В комнате стояли металлическая кровать, почему-то называвшаяся полутораспальной, хотя, наверное, в ней никогда не случалось лежать полутора человекам, письменный стол такой работы, что тот, кто хоть раз в жизни держал в руках рубанок и топор, мог бы его сделать за час, три стула и большой фанерный шкаф, скрипевший, даже когда его не трогали, а душевая и уборная были общие, в конце коридора. Это был далеко не лучший номер в гостинице.
Только бы не было войны, подумал он. Еще хоть одиннадцать дней. Или даже девять. Пока он успеет возвратиться. Потому что после его сообщений эти умники могут решить, что уже пора…
Хорошо, что эту ночь он проведет один. Человеку нужно хоть ночь побыть одному. В его положении. Чтобы отдохнуть…
Он передвинул кровать поближе к окну, зажег лампу на тумбочке, отклонив абажур так, чтобы свет падал на дверь, и погасил лампу, висевшую посреди комнаты в матовом стеклянном шаре. Аккуратно, в давно усвоенной последовательности он сложил на стуле одежду, поставил возле кровати чемодан, лег и брезгливо до половины укрылся простыней, заклейменной черной печатью гостиницы.
Соловей не умолкал: «Фи-чурр, фи-чурр, фи-фи, фи-фи, люи, люи, люи».
Он приподнялся, вынул из кармана пиджака плитку шоколада, на которой были изображены два футболиста, прочел название «Спорт», распечатал плитку, отломил дольку и положил в рот.
«Акра, — подумал он. — Или С. Томэ… Слишком сладко. Один сахар. Сахар и еще черт знает что. Не поймешь. Но отец сказал бы… Отец, — подумал он. — Отец…
… Я лично никогда ничего не имел против Советского Союза. Я радовался его успехам в борьбе против нашего общего врага — фашистской Германии. Мне лично было очень приятно узнавать о его успехах в хозяйственных делах. Это просто моя работа. Мне платят за время, что я пробыл здесь, по тысяче долларов в день. Как кинозвезде. Плюс наградные. А такие деньги на земле не валяются. В прошлом году в Соединенных Штатах было всего 1882 человека, которые получали такой большой годовой доход, как я.
Но я не капиталист. Я сам из рабочей семьи. Я родился 7 марта 1920 года в городе Чикаго. Отец мой чистокровный американец, из тех, что называются янки, работал простым рабочим на предприятии, выпускавшем газовые плиты, а мать русская, была домашней хозяйкой. Она еще жива, а отец умер в прошлом году от рака желудка. Как и многие другие рабочие в капиталистических странах, много раз он оставался без работы, и тогда нашей семье приходилось особенно плохо, так как, кроме меня, у нас было еще два брата и две сестры. А зарабатывал один отец. Между прочим, в нашей семье одинаково свободно разговаривали на английском и русском языках все дети, и даже отец немного научился по-русски у матери. Больше всего отец боялся безработицы и голода и бил нас, если мы чего-нибудь не съедали за обедом. Так он поступал даже тогда, когда положение нашей семьи улучшилось, когда отец оставил работу на заводе и поступил компаньоном в мастерскую, занимавшуюся ремонтом всяких бытовых приборов…

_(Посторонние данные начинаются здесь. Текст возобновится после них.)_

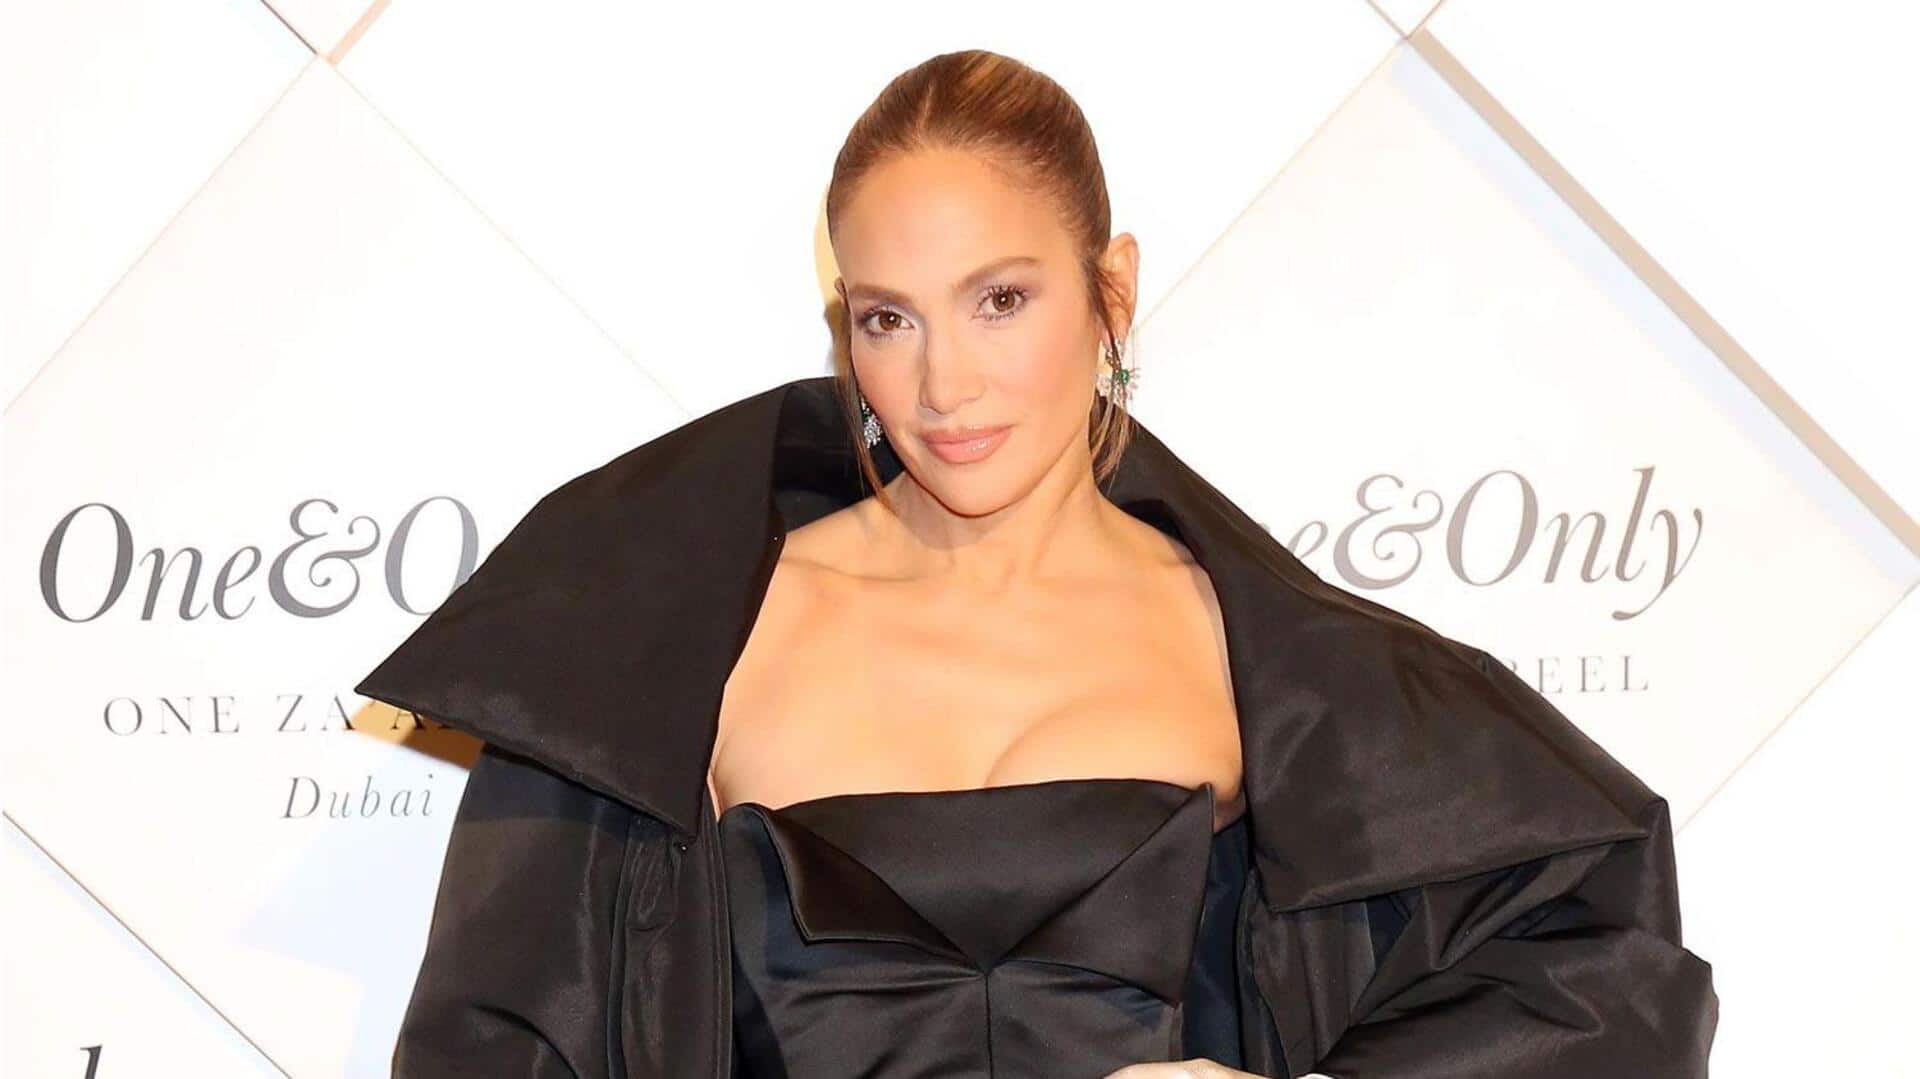 Italian store names dress in honor of Jennifer Lopez

Ариба, — подумал он, — ариба, тринидад, Каракас и маракаибо…
… Я с отличием закончил среднюю школу и готовился вступить в армию, так как хотел попасть в школу военных летчиков. Но мне предложили поступить в специальную разведывательную школу, и я дал согласие. В этой школе я тоже был одним из первых учеников. Считалось, что я делаю хорошую карьеру…»
Он вспомнил, что его особое положение в армейской разведывательной школе в Монтереи, штат Калифорния, когда он обратил на себя внимание генерала Уильяма Питса, началось со случая с двумя зонтиками… Это было на практических занятиях, когда учащийся должен был пробраться в оборудованную для этой цели в здании школы квартиру, открыть с помощью специальных приспособлений замки в дверях, произвести обыск в квартире, да так, чтобы не осталось следов, найти и отобрать нужные документы, изменить свою внешность, оказать сопротивление людям, изображавшим агентов полиции, и скрыться.

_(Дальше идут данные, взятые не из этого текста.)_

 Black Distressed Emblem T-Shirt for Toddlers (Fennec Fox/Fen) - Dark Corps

Он заметил в передней учебной квартиры на вешалке среди всякой одежды и шляп два обыкновенных зонтика. И вот тогда он оставил в дураках курсантов, изображавших агентов полиции. Это было на третьем этаже, но он не побоялся выкинуть отчаянную штуку. Он выбрался в окно, захлопнул за собой створки, раскрыл оба зонтика и спрыгнул вниз. Он благополучно приземлился, а одураченные «агенты полиции» долго ходили по квартире, заглядывая во все шкафы и под кровати.

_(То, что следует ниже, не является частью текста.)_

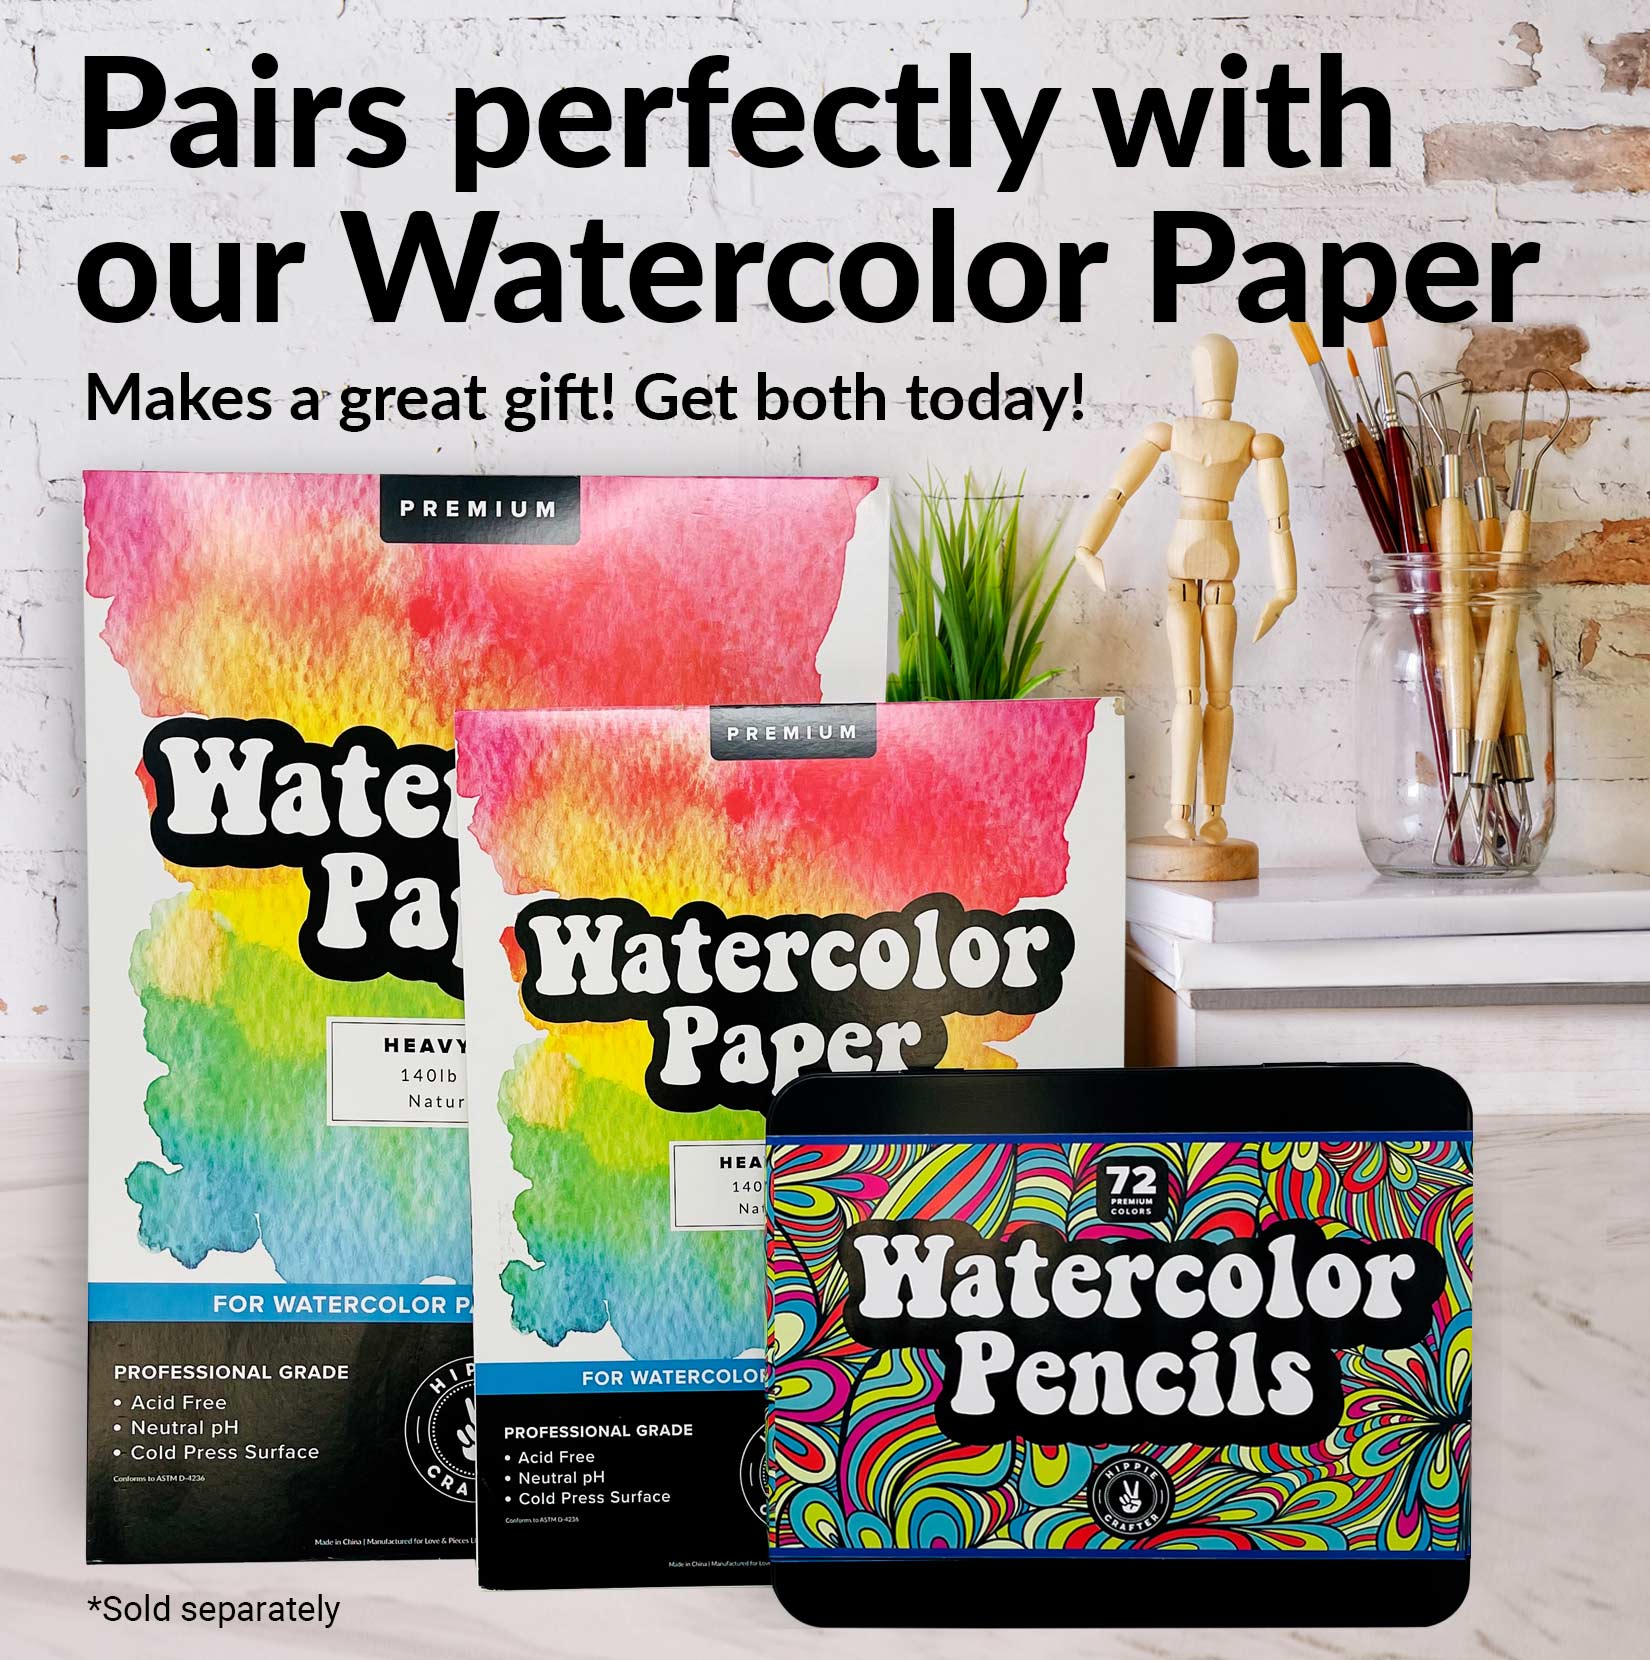 Watercolor pencils and watercolor paper pads

Да, зонтики… Это они помогли ему перейти в высшую школу, в особый пансион. А затем этот спор… Он был тогда еще настолько наивен, что вполне искренне вступил в диспут. Он даже не догадывался тогда, что в этой школе-пансионе на каждых двух слушателей приходилось по меньшей мере по одному человеку, который жил рядом, учился, как и все остальные, но был призван следить за каждым шагом порученных ему людей, провоцировать их, проверять, проверять и оба всем доносить начальству.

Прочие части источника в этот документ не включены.